An iconic jet that features three engines, one mounted on the tail fin, and a cockpit without the gizmo electronics, systems and computers we see on today’s modern jets.
Traditionally a workhorse, this is an aircraft utilised for hours on end to maximum revenue returns and miles flown during a 24-hour cycle. A hybrid between the four-engine 747 jumbo and subsequent successor two-engine 777s, the DC10 proudly formed the backbone of some airlines’ wide body fleets traversing the world’s air corridors.
The likes of American Airlines, Dutch carrier KLM, Garuda Indonesia, Turkish Airlines, the former Swissair, Air New Zealand and Korean Air are among a host of international carriers to fly DC10 passenger aircraft, alongside numerous cargo-only operators.
Only 386 DC10 passenger jets were built during a 21-year production period from 1968 with a further 60 dedicated cargo planes and tankers manufactured specifically for the US Air Force for aerial refuelling missions and transporting shipments.
The aircraft suffered a turbulent history in the early part of its life, involved in more than 50 incidents and accidents, including nine hijackings that marred its reputation. Subsequent design changes brought significant improvements in aerodynamics, avionics and flight control systems that led to more reliability, more efficiency, more comfort and more consumer confidence.
It has flown over 25mn hours of commercial operations since the inaugural flight by American Airlines from Los Angeles to Chicago in 1971.
What’s now left of the ageing jets of different variants are dedicated freighters and selected charters. One has even been converted into an eye hospital flying around the world under the auspices of the Orbis charity. Doctors and nurses perform surgery onboard as the aircraft, equipped with an operation theatre positioned between the wings, flies to mainly under privileged nations to cater for those needing treatment.
However, succession planning has seen newer, more fuel-efficient aircraft taking over.
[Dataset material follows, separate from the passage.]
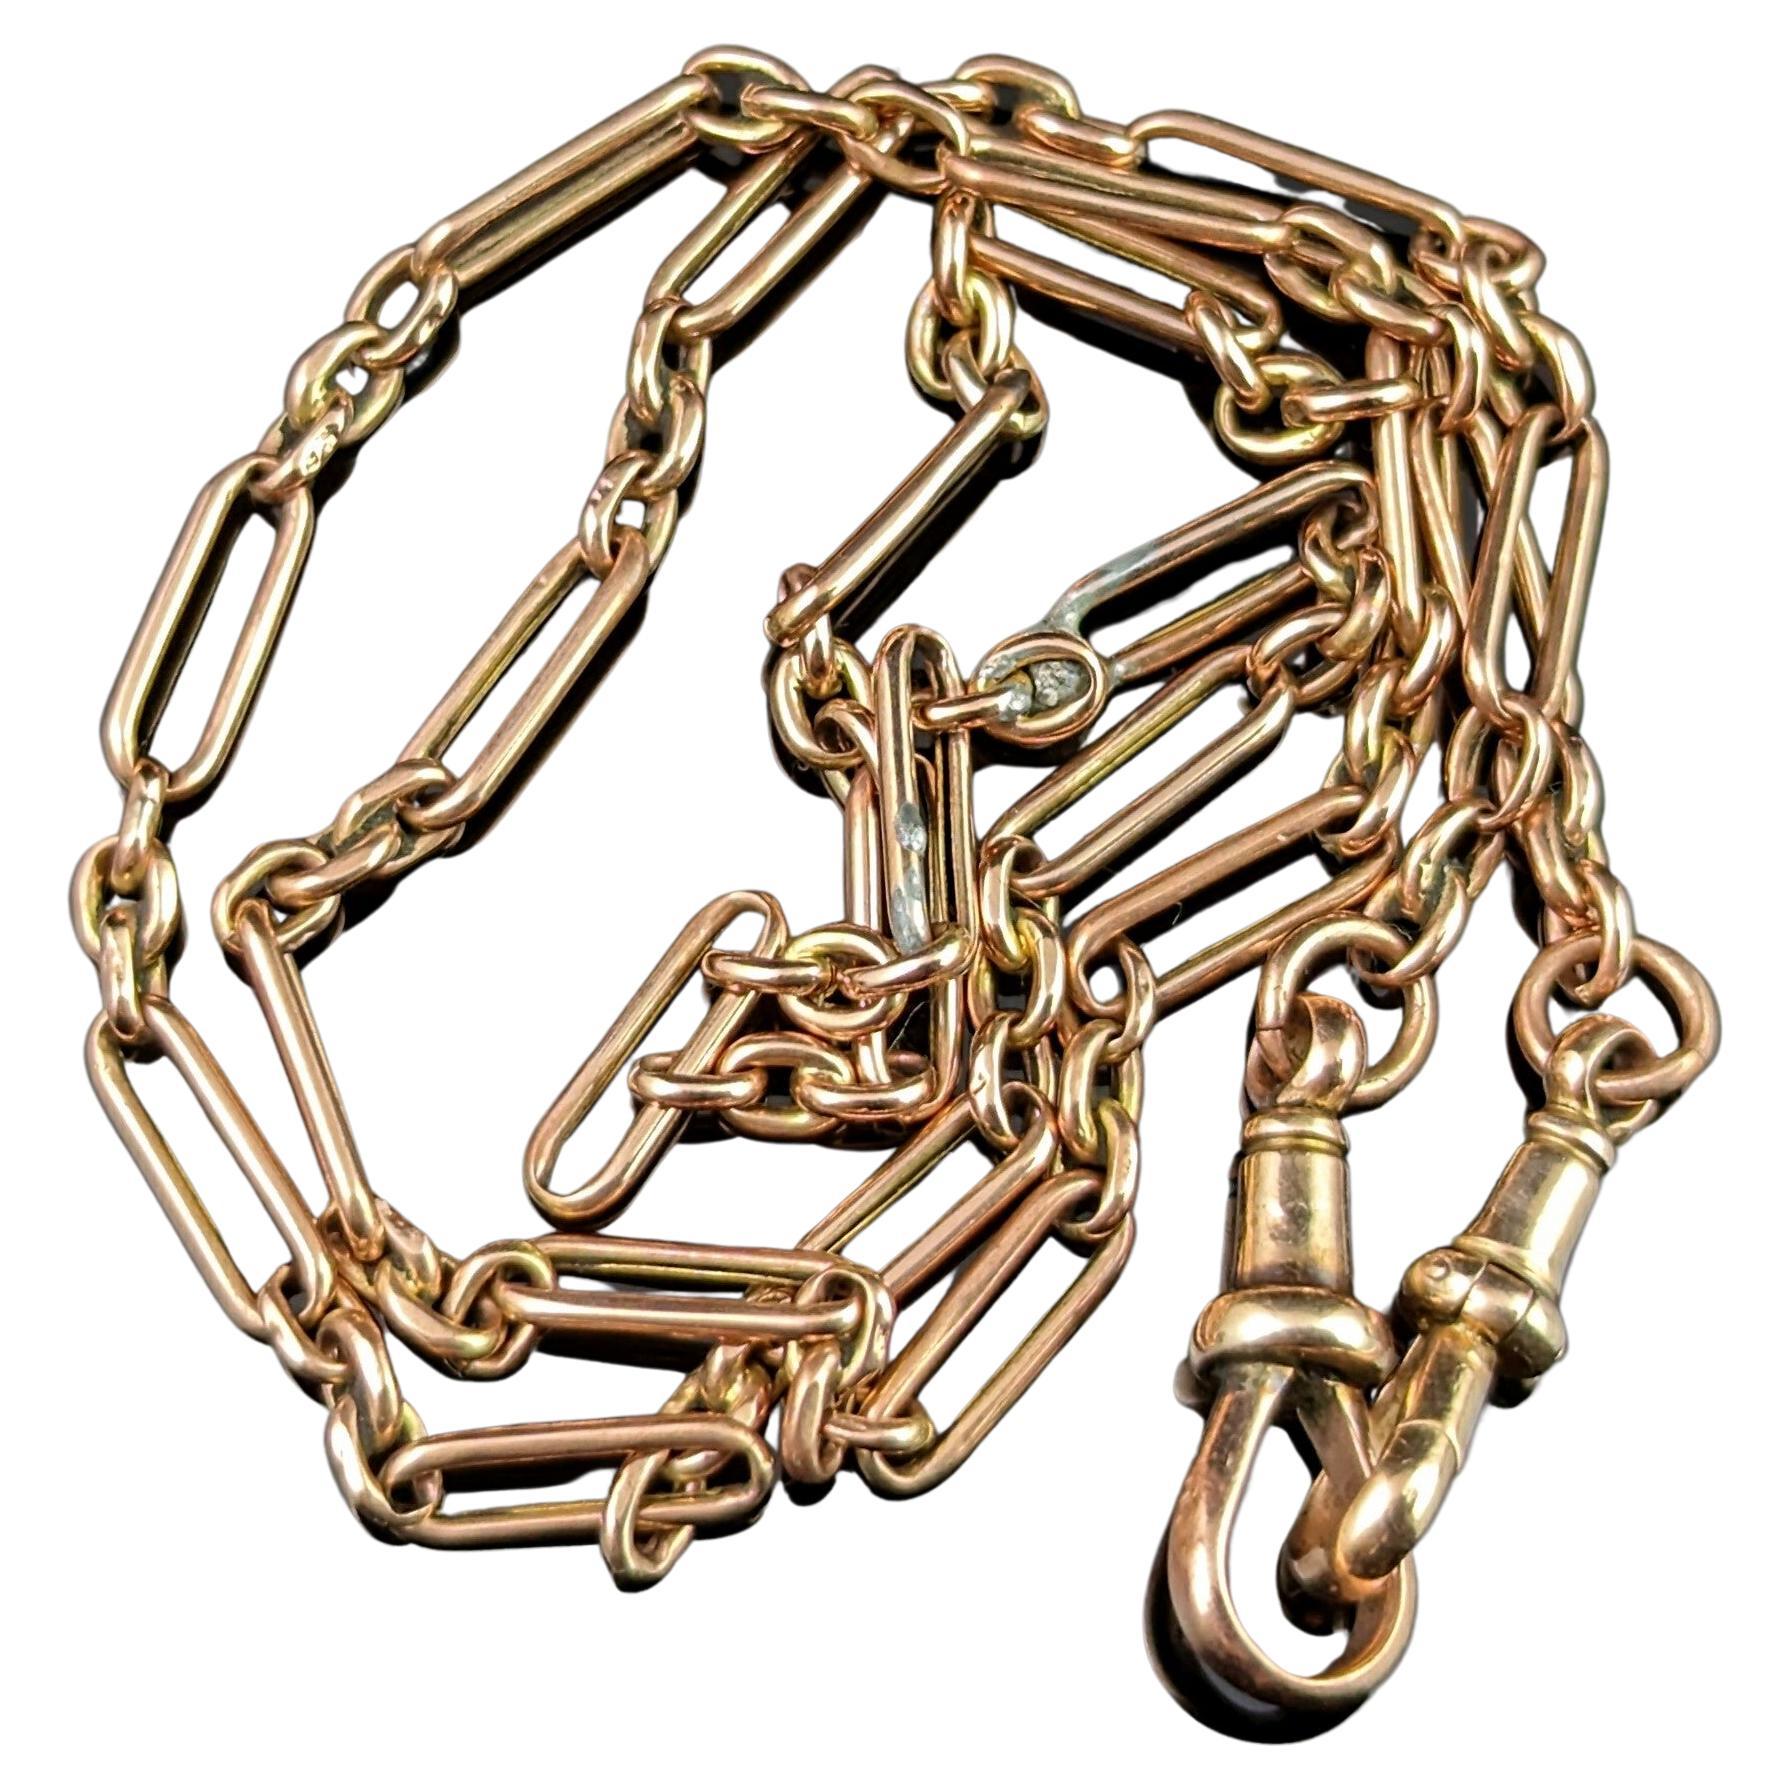 Antique 9k Rose Gold Albert Chain, Necklace, Trombone Link

The fuel-guzzling DC10 was gradually off-loaded to airlines in Africa, taken out of service completely, sold as scrap metal or and even parked in the vast aircraft graveyard that sits in the California desert.
Production halted in 1989 and spare parts became increasingly hard to come by.
Today’s farewell to the DC10 is by a lesser known operator, Biman Bangladesh Airlines. Not an airline that immediately catches one’s imagination.
But Biman is making the most of the occasion. With scant publicity over the years, the state-owned carrier is milking PR surrounding the departure of the last DC10 as it welcomes a new-look, wide body fleet made up of the Boeing 777.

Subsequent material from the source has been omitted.